III. Exemplary Methods of Manufacture

[0041] FIGS. 1A-1B schematically illustrate an exemplary apparatus 100 for manufacture of wipes as described herein. FIG. 1A shows use of distinct, separate sheets of melamine 104, while FIG. 1B shows use of melamine as a rolled sheet 104'. Other forms are also possible, e.g., smaller sized sheets of melamine (e.g., as little as 0.5 inch in length or width), strips of melamine, or the like. It will be apparent that a variety of materials and methods may suitably be employed. Apparatus 100 is shown as including a mechanism at 102 for feeding melamine sheet 104, as well as mechanisms 106a, 106b for providing first and second nonwoven sheets 108a, 108b. As shown in FIGS. 1A-1B, the melamine sheet 104 is sandwiched between nonwoven sheets 108a, 108b as it is fed into apparatus 100, along conveyor belt 110. Another optional layer 107 is also shown in FIGS. 1A-1B. For example, if desired, a tissue layer could also be fed into the sandwiching of such layers. Sandwiched structure 112 (melamine 104 between nonwovens 108a, 108b) may pass under a roller 114 and then into chamber 116 where the hydro-entangling is performed. Structure 112 may first be pre-wetted (e.g., at spray heads 118). Such pre-wetting may be applied at a pressure that is insufficient to entangle the initially distinct layers 104, 108 (108a, 108b).
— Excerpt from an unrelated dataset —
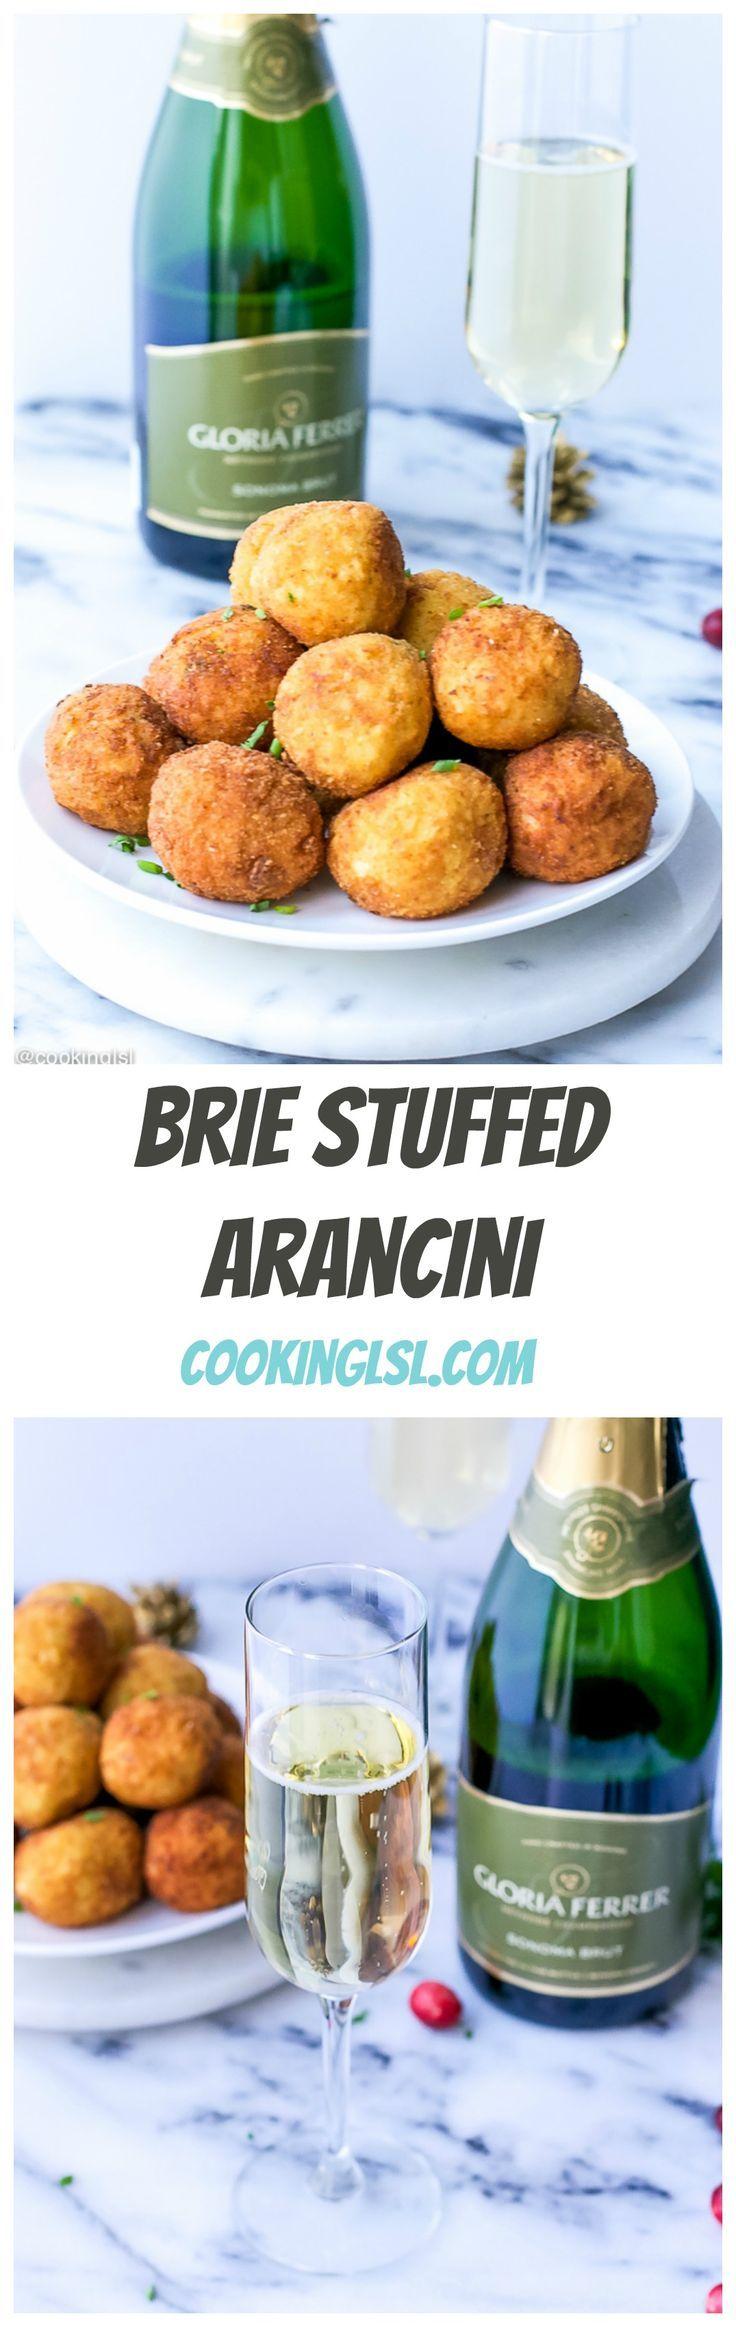 how to make italian arancini

For example, such a pressure may be at about 25 bars. More generally, such pressure may be less than 100 bars, less than 50 bars, from 1 to 50 bars, from 5 to 50 bars, from 10 to 50 bars, or from 20 to 30 bars water pressure.

[0042] After pre-wetting at 118, wetted structure 112 may proceed along conveyor 110 to spray heads or water jets 120a, 120b which water jets operate at a significantly higher pressure, in order to hydro-entangle the melamine 104 into one of nonwovens 108a or 108b. The water pressure is sufficient to not only cause tangling of the layers at the interface of the initially distinct layers, but to also cause portions of the melamine 104 to be pushed through the nonwoven layer, so that portions of melamine 104 are exposed along the exterior surface of the resulting finished wipe, as shown in the SEM images of FIGS. 2A-5B.

[0043] Hydro-entangling heads 120a-120d may operate at a water pressure of at least 100 bars, at least 125 bars, at least 150 bars, at least 175 bars, or at least 200 bars. The thickness and weight of the nonwoven layer(s), and/or the melamine material may have an effect on the required pressure in order to achieve good entangling that results in exterior surface exposure of the melamine, as described herein. Exemplary wipes were produced with 0.5 inch, 0.25 inch, and 0.125 inch melamine sheet and a relatively lightweight nonwoven spunbond outer layers, e.g., having a weight of only 10 gsm.

[0044] After passing hydro-entangling heads 120a, 120b, the structure 112 (which is now entangled on one face) passes to drum hydro-structure 122, which hydro-entangles the melamine into the remaining nonwoven layer (e.g., the other of 108a, or 108b, whichever was not hydro-entangled at 120a, 120b), e.g., using hydro-entangling heads 120c, 120d. Upon exiting 122, the structure 112 may now exhibit melamine entangling so as to exhibit melamine exposure in both the top and bottom faces of the wipe structure. After such hydro-entangling, the structure can pass out of chamber 116, around rollers 126, 128, through dryer 124, finally being wound-up at 130.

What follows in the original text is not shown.